Chongqing city, China, is about to get a giant Orwellian surveillance network of half a million cameras that will spy on (sorry, act to prevent crime in) areas like street intersections, parks, and neighborhoods. Cisco is rumored to be one of the key pieces in the network supplying, basically, the networking tech itself--the grease that'll make the whole integrated shebang work. But there's a fine line between "preventing crime," using totally off-the-shelf Cisco gear, and re-purposing that same "Peaceful Chongqing" network of cameras to spy on the population. Here's how all that other tech could work:
Recognizing Faces, Any Which Way You Can
The same surveillance grid that monitors for, say, traffic buildups or a break-in to a store at night could easily be adapted to actively surveil the public. All it would take is hooking up a face recognition system to the network, hooked to a public ID database (which China most certainly has). Add in algorithmic alarms to identify if two politically "questionable" people were meeting, or even if they were seen in what may be deemed as the wrong location, and it's very powerful.

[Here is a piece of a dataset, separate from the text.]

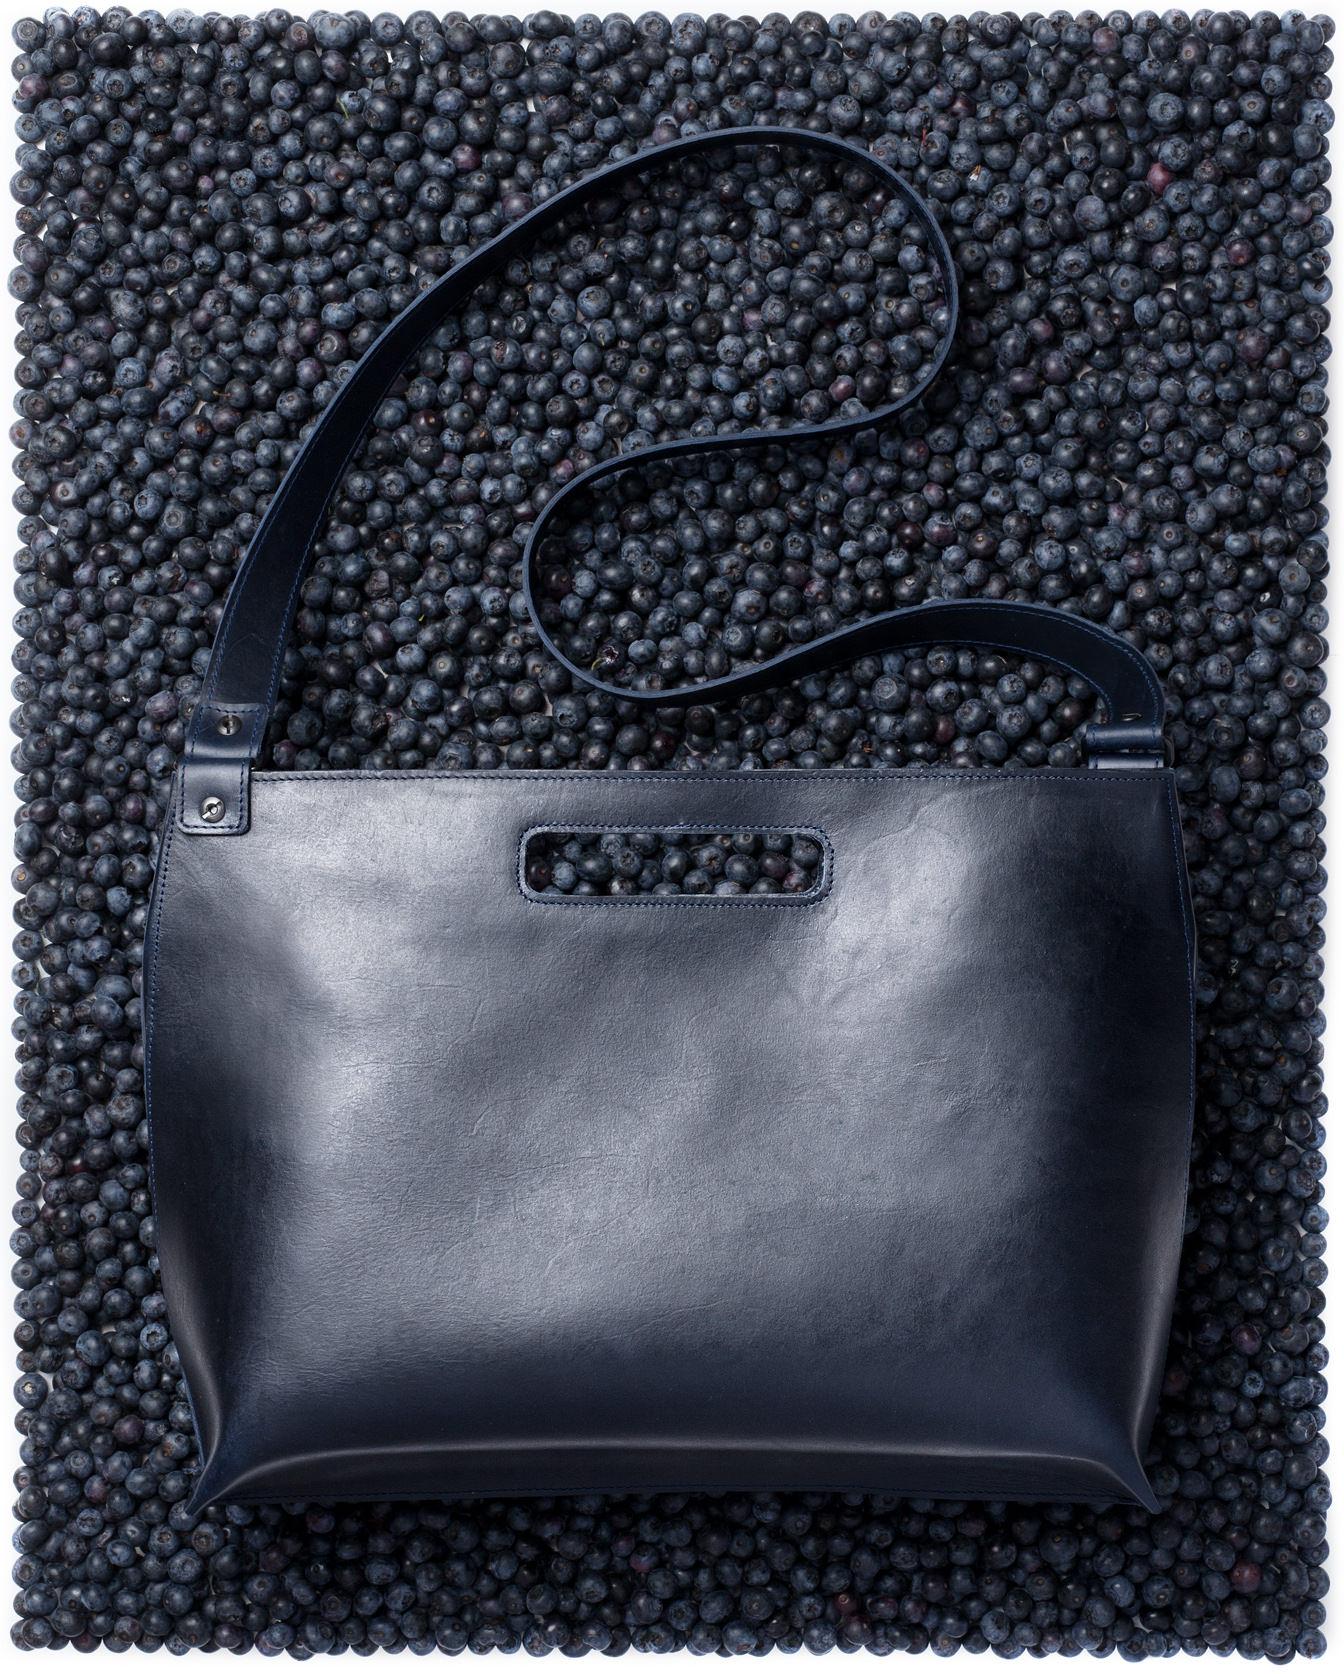 Stella_Soomlais_bluberry_leather_handbag_photo_Altrov_

This kind of technology is rapidly becoming feasible: Witness the fuss kicked up when Facebook instigated it for photos in its social network, and the fact that Google has had the capability to automatically identify faces in the billions of pages it crawls for its search indexing--but has refused to implement because of fears of abuses.
With enough computing power at its disposal, there's no reason the government of Chongqing couldn't try and recognize every single face the camera network sees.